Together, these elements enable efficient batched inference while preserving the association between each inference result and its originating input.

# Hierarchy

[GObject](https://docs.gtk.org/gobject/)<br />
   <Icon icon="arrow-turn-down-right" iconType="solid" />[GstObject](https://gstreamer.freedesktop.org/documentation/gstreamer/gstobject.html?gi-language=c)<br />
      <Icon icon="arrow-turn-down-right" iconType="solid" />[GstElement](https://gstreamer.freedesktop.org/documentation/gstreamer/gstelement.html?gi-language=c)<br />
         <Icon icon="arrow-turn-down-right" iconType="solid" />qtimldemux

# Pad Templates

### sink

| Capabilities             |                                                            |
| ------------------------ | ---------------------------------------------------------- |
| `neural-network/tensors` | `format: { INT8, UINT8, INT32, UINT32, FLOAT16, FLOAT32 }` |
| Availability: *Always*   |                                                            |
| Direction: *sink*        |                                                            |

### src

| Capabilities               |                                                            |
| -------------------------- | ---------------------------------------------------------- |
| `neural-network/tensors`   | `format: { INT8, UINT8, INT32, UINT32, FLOAT16, FLOAT32 }` |
| Availability: *On request* |                                                            |
| Direction: *source*        |                                                            |

## Why Batch Inference Requires Output Demultiplexing

Many machine learning models are designed to process multiple inputs in a single inference execution. This execution model is commonly referred to as **batch inference**. In batch-based models, the input tensor includes an explicit **batch dimension**, allowing the model to process a fixed number of independent inputs together rather than one input at a time.

Batch inference is widely used because it:

* improves hardware utilization
* reduces per-input inference overhead
* increases accelerator efficiency through better scheduling
* matches the fixed input shape requirements of many deployed models

For these models, the batch size is typically defined by the model itself. It is not treated as a dynamic runtime parameter. As a result, the runtime must provide input data in a form that exactly matches the model’s expected batch shape.

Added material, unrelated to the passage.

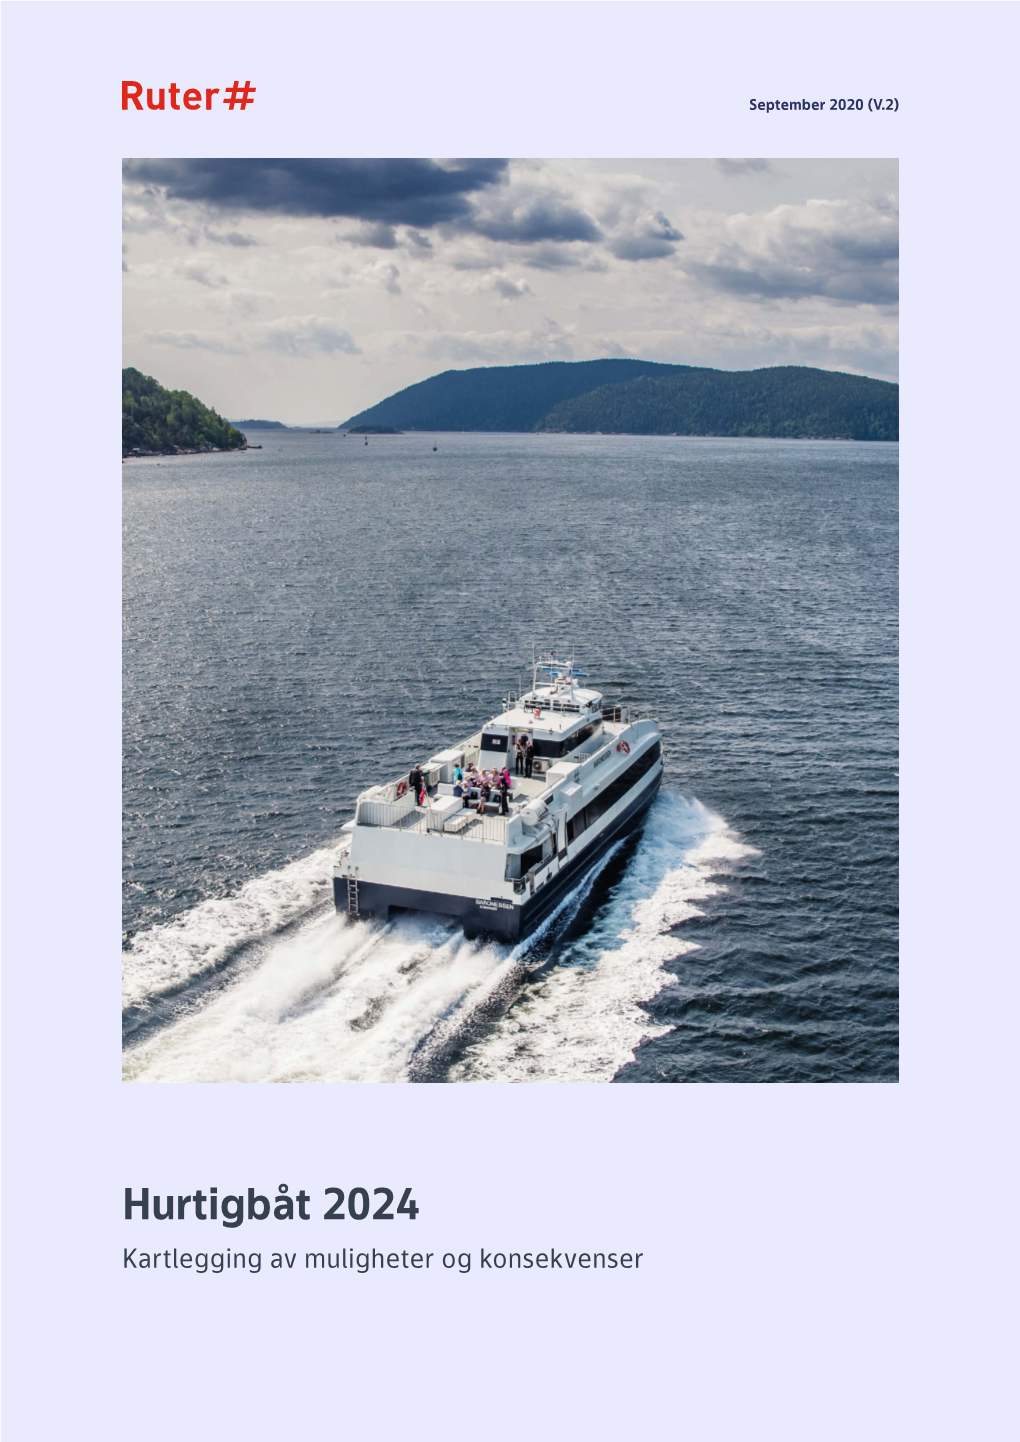 Hurtigbåt 2024 Kartlegging Av Muligheter Og Konsekvenser
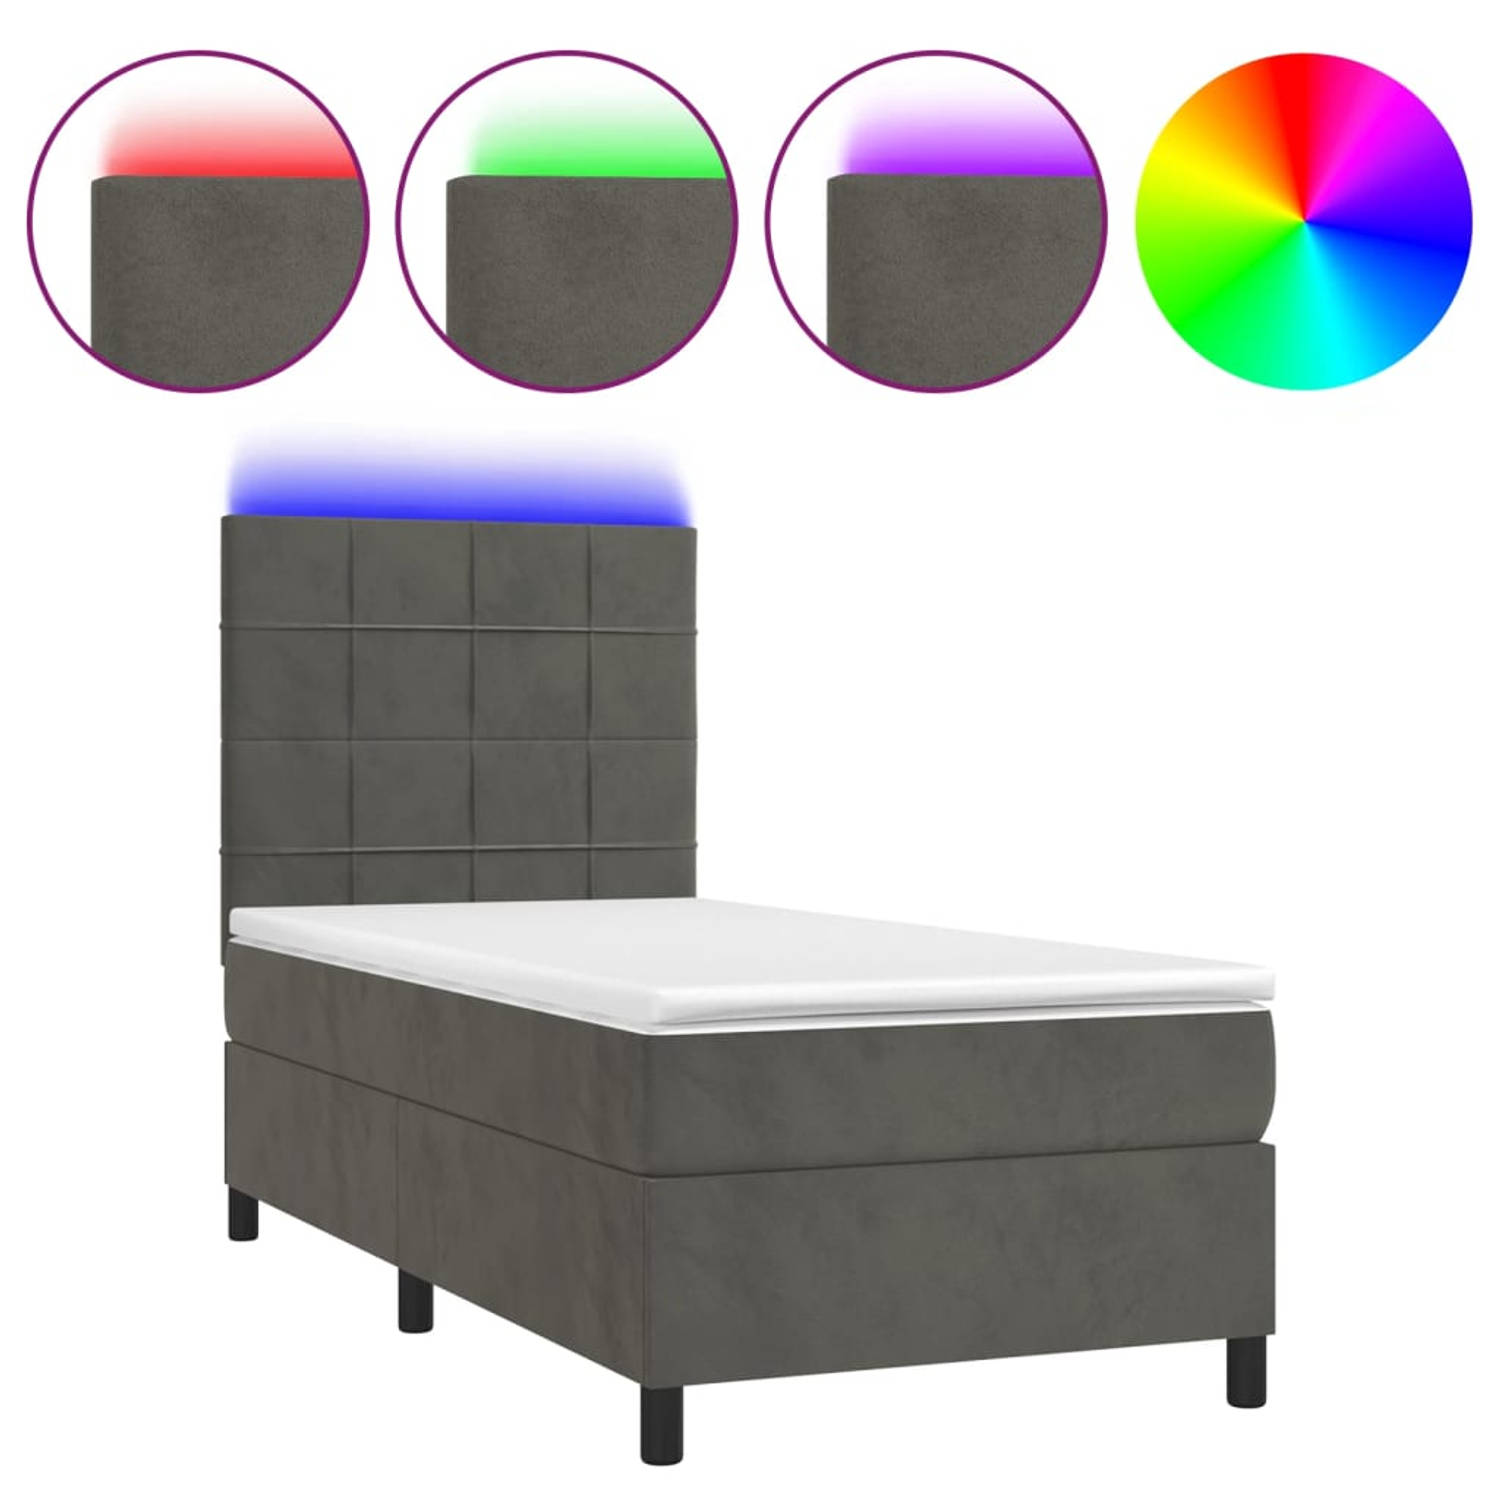 The Living Store Bed Frame - Donkergrijs Fluweel - 203x90x118/128 cm - Verstelbaar hoofdbord - Kleurrijke LED-verlichting - Pocketvering matras - Huidvriendelijk topmatras - Inclus

### Constructing Batched Input

Before inference can be executed, multiple independent inputs must be collected and combined into a single batched input. In a streaming pipeline, this usually involves:

* receiving data from multiple logical input sources, such as separate streams or sensors
* selecting one input unit from each source, such as a video frame or audio buffer
* assembling those inputs into a single batched representation that matches the model input shape

The inputs grouped into a batch do not need to originate from a single source. They may come from different streams and may arrive at slightly different times. As a result, batch construction is a pipeline-level operation that groups multiple logical inputs into one inference unit.

### Batched Output Representation

When inference is executed on a batched input, the model produces **batched output tensors**. These output tensors contain the inference results for all inputs in the batch, organized according to the same batch structure used at the input.

At this stage:

* the inference results for all inputs are grouped into a single output
* each result is identified only by its position in the batch
* the original stream-level or input-level separation is no longer explicit

This output form is efficient for model execution, but it is not ideal for most downstream pipeline stages.

### Why Demultiplexing Is Needed

Most downstream elements do not operate on batched results. Post-processing, metadata generation, visualization, tracking, and application logic typically expect results on a **per-input** basis. These stages usually require:

* inference output corresponding to a single logical input
* correct association between each result and its originating stream or sample
* independent downstream processing for each input

Because batched output does not preserve this separation in a directly consumable form, it must be split back into individual per-input results before further processing.

### Role of Demultiplexing

The demultiplexing stage restores the logical separation that existed before batch inference. It:

* extracts the result corresponding to each batch element
* re-establishes the mapping between inference results and their original inputs
* allows downstream elements to continue operating in a per-stream or per-sample manner

This step is essential in batch-based inference pipelines whenever downstream processing is not designed to operate on batched tensors directly.

## Usage

### Multi stream batched mode AI Inference

This example demonstrates a four-stream batched inference pipeline using video files as input. Four file sources feed the same video into [`qtibatch`](qtibatch), which aggregates frames into a single batched input. [`qtimlvconverter`](qtimlvconverter) prepares the batched tensors, and [`qtimltflite`](qtimltflite) performs batched inference. `qtimldemux` then restores per-stream outputs so that post-processing can run independently on each stream. The resulting metadata is combined with the corresponding video streams by [`qtivcomposer`](qtivcomposer), and the final 2×2 composition is displayed using [`waylandsink`](waylandsink).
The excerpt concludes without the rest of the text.